### Work order:
Below are records with pictures in them. Output exactly the lines from the one with "金子眼鏡 CELLULOID KC38 カネコ オプティカル メガネ フレームレンズ47" through the one with "Celia-Vive-El-Centenario-CMBbooking", both included, and leave every picture out; give only those lines.

### Dataset content:
☆ ☆ ☆
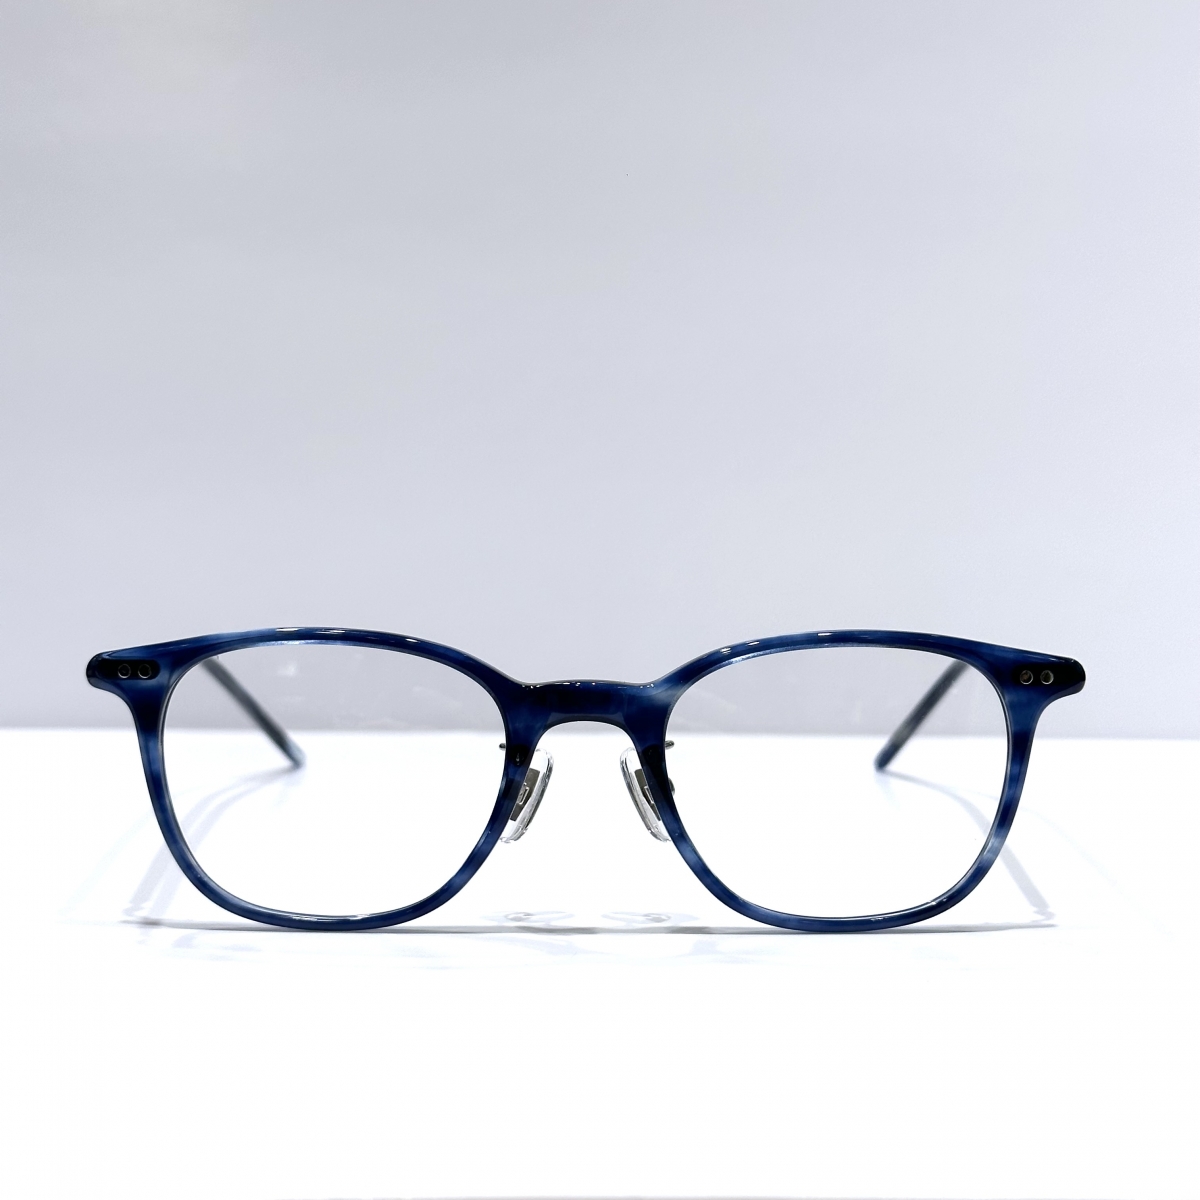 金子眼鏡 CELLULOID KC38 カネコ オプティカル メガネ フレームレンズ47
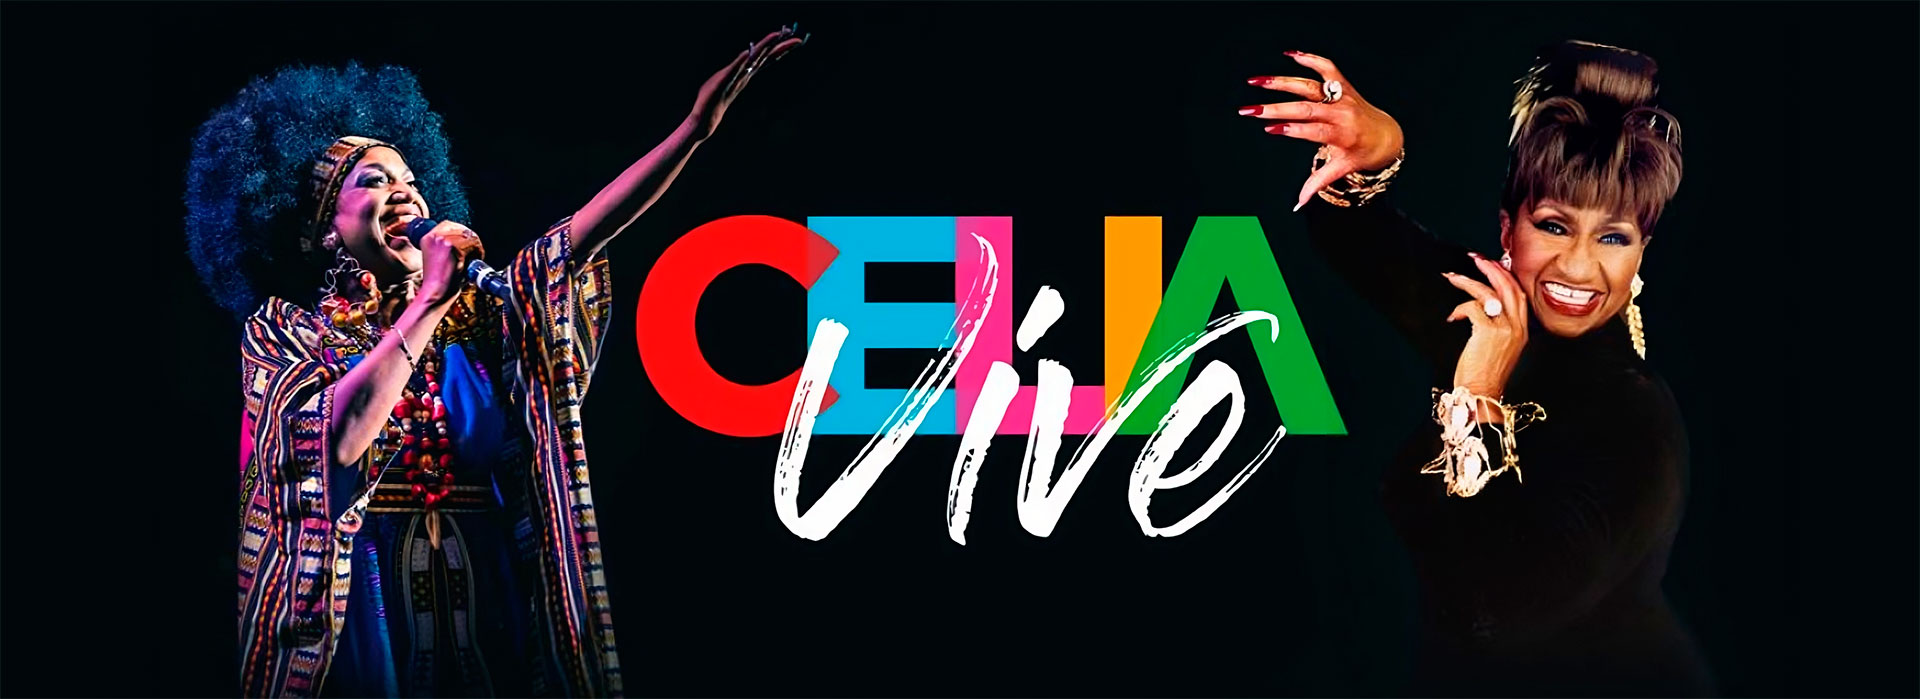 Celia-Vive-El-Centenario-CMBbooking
☆ ☆ ☆
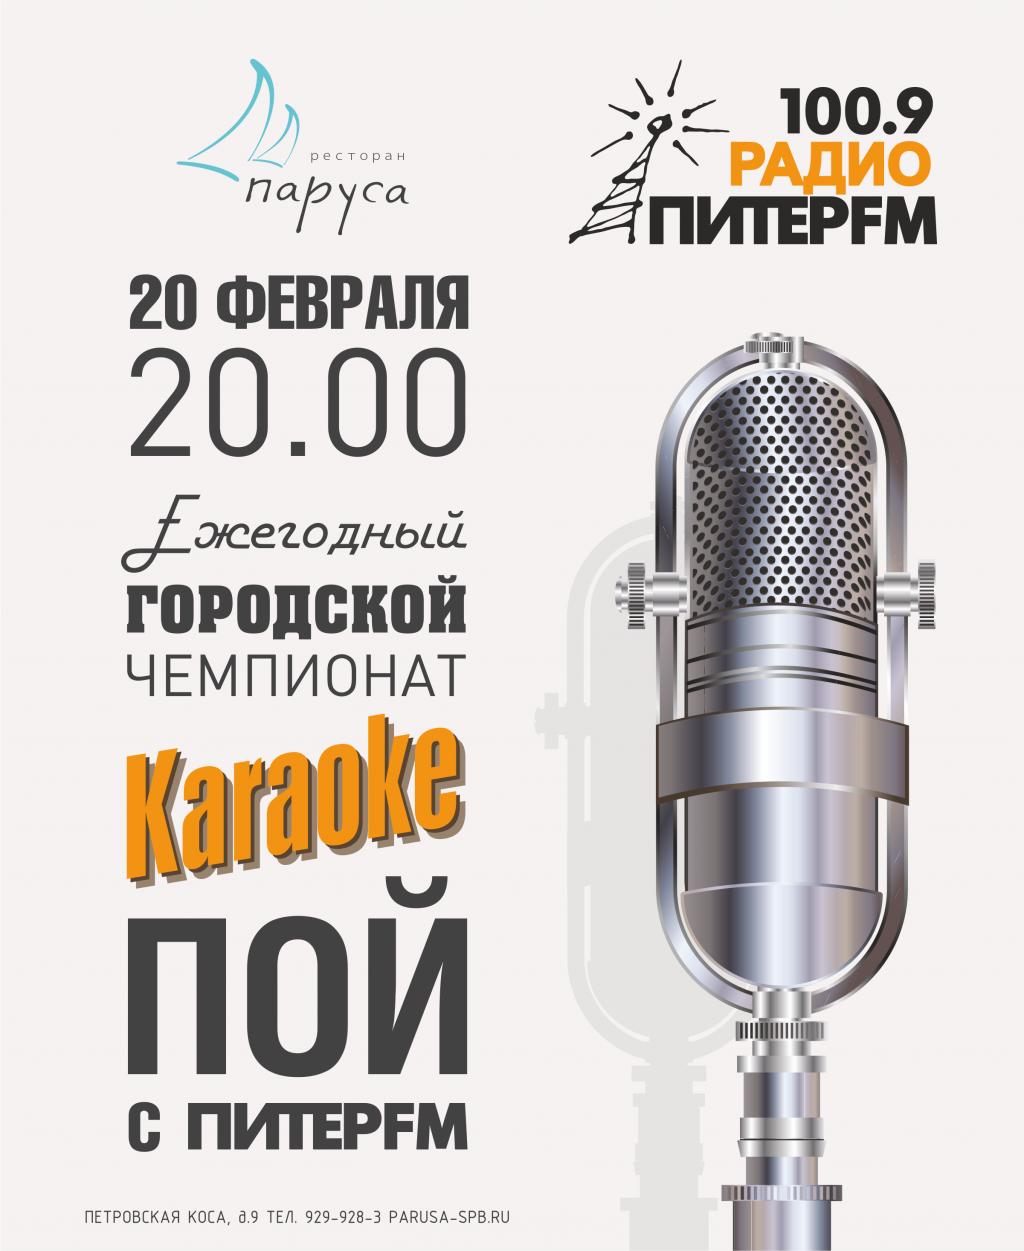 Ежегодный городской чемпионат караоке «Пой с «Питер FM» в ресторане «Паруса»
☆ ☆ ☆
### Your response:
 金子眼鏡 CELLULOID KC38 カネコ オプティカル メガネ フレームレンズ47
 Celia-Vive-El-Centenario-CMBbooking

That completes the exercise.